Morgan State University student Michael White was making late-night Uber Eats deliveries on July 12 when he crossed paths with 37-year-old real estate developer Sean Schellenger near Center City in Philadelphia. The pair argued, but we know little about what occurred between them that led to Schellenger getting out of a vehicle, coming face-to-face with White who was on a bike and being stabbed in the fatal altercation.

White turned himself in, and we've compiled nine things we know about the incident.

1. Eyewitnesses say Schellenger was drinking at a local bar before the confrontation.  

The Philadelphia Tribune reports witnesses placed Schellenger at a bar before the deadly confrontation with two men. It is unclear whether these are the same friends who were in the car with him during the incident. Little information about their connection to the argument with White is available. However, witnesses further reported that the struggle between them initially centered around a traffic argument.

2. White spent his 21st birthday behind bars.

After turning himself in, police charged White with first-degree murder and possession of an instrument of crime. White remained behind bars without bail at the Curran-Fromhold Correctional Facility in Holmesburg until recently.

With his bail set at $150,000, the Philadelphia Community Bail Fund (PCBF) and the Philadelphia Bail Fund (PBF) paid the necessary 10 percent for White to wait for his next hearing at home, instead of behind bars, on August 2. In a joint statement, the funds agreed that White was given an “unaffordable” and “unconstitutional” bail amount considering his income, NBC Philadelphia reports. On Twitter, the organizations promised to celebrate his release.

3. White was a student at Morgan State University.

The 20-year-old was majoring in sociology/anthropology at the HBCU. He was also a poet and has no prior criminal convictions.  

4. Schellenger has had previous run-ins with the law. 

The Philadelphia Tribune reports Schellenger was involved in two physical altercations with police officers and was convicted for disorderly conduct. 

5. According to Greg Thompson, who has been acting as a spokesman for White’s family, the student kept a knife in his backpack for protection. 

As a late night delivery man, Thompson says the knife White carried was for safety measures. White’s family has co-signed this claim, saying he acted out of self-defense after Schellenger tackled him. During a meeting with prosecutors, White instructed investigators on how to find the blade.  

6. District Attorney Larry Krasner said video evidence could not prove White had any intention to kill Schellenger. 


This would aid in the later removal of harsher charges, Fox 29 reports. Prosecutors are currently seeking third-degree murder, voluntary manslaughter and possession of an instrument of crime charges, Philly Mag reports. Third-degree murder charges call for a maximum prison sentence of 20 to 40 years.

7. Schellenger's mother believes her son’s death is being used by the district attorney for political gain. 

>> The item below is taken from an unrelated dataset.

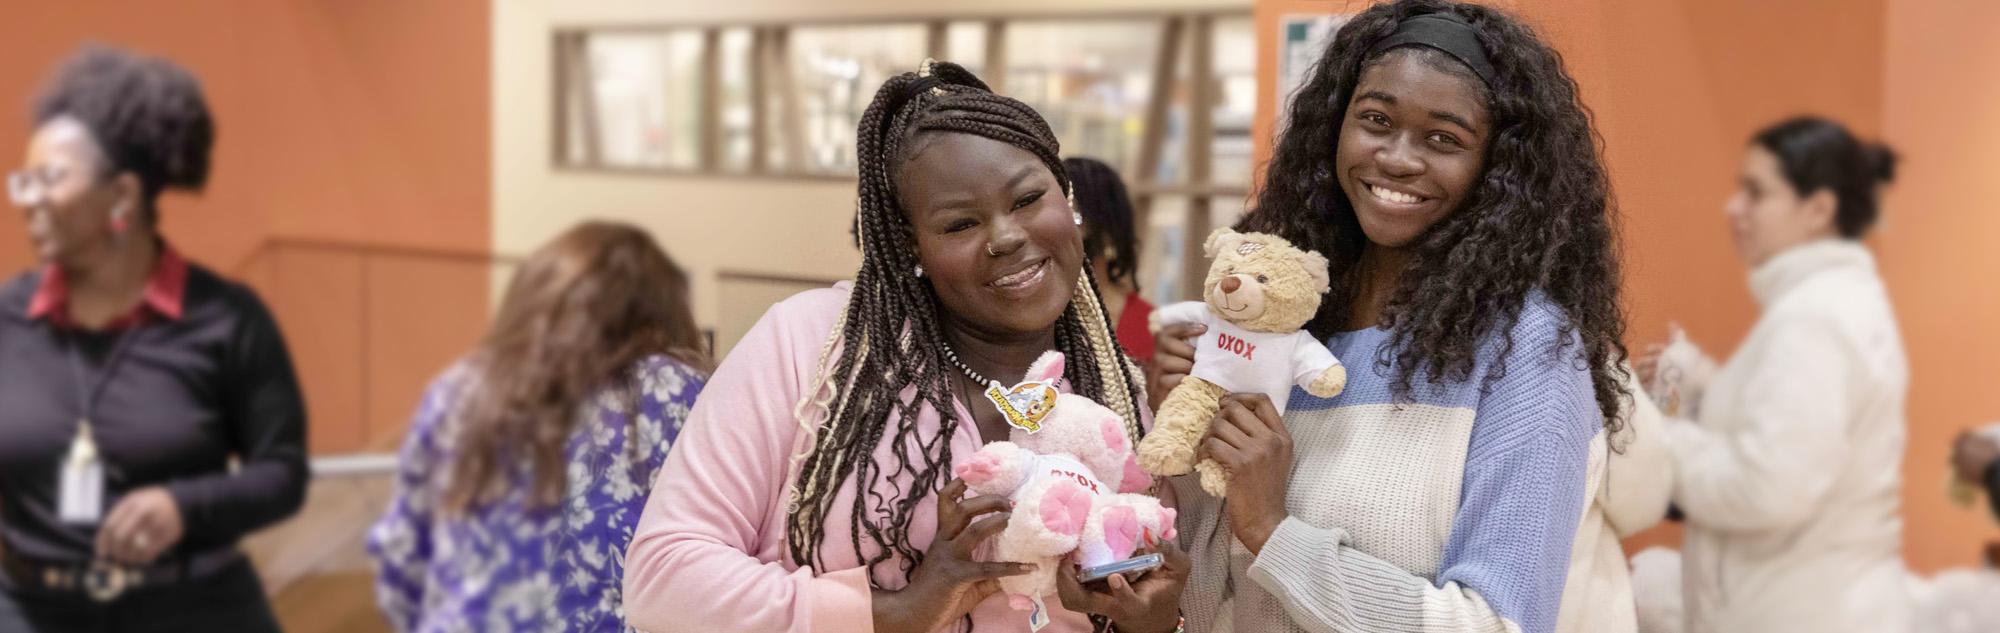 Students pose with build-a-valentine stuffed animals at the Southeast campus.

After the preliminary hearing, Linda Schellenger, Sean Schellenger’s mother, released a statement saying, “I was manipulated by Larry Krasner. He was intellectually dishonest. He overruled his own prosecutors. They have clear footage that would have allowed them to hold on murder 1 and no bail. Larry showed up at a preliminary hearing, which is rare, to grandstand for political purposes. My son has become his political pawn. I wanted to trust him. He breached and abused that trust.”

The District Attorney's Office holds firm to the claim lawyers met with Linda hours before the hearing so she would not be surprised by their arguments, and “the email statement released this evening is starkly different from what Mrs. Schellenger repeatedly said… before, as well as during and after the preliminary hearing,” DA office representatives said

8. Many saw White’s bail as evidence of a system set against minorities who are forced to remain in prison due to economic restraints. 

“Michael White’s case demonstrates the injustice of the cash bail system, which despite recent reforms, still makes poverty a crime in Philadelphia,” PBF co-founder and vice president Malik Neal said. “Every day people like Michael are stripped of their freedom without being tried simply because of their inability to pay bail.”

Zoe Goldberg, a coordinator for PBF, believes high bail amounts also work to “strip away the presumption of innocence.”

9. White’s next hearing is set for October 30.

While White awaits his next hearing, he will remain on house arrest. 

“It’s a blessing. I’m glad he is home,” White’s uncle, Quinnell Armstrong said. “He has a way to go, and we have a long way to go to finish up the case.”

As those following the case continue to pursue questions surrounding what video evidence shows and what information has been kept from the public, the PCBF and the PBF find a small win in being able to ensure White's waiting time is spent at home.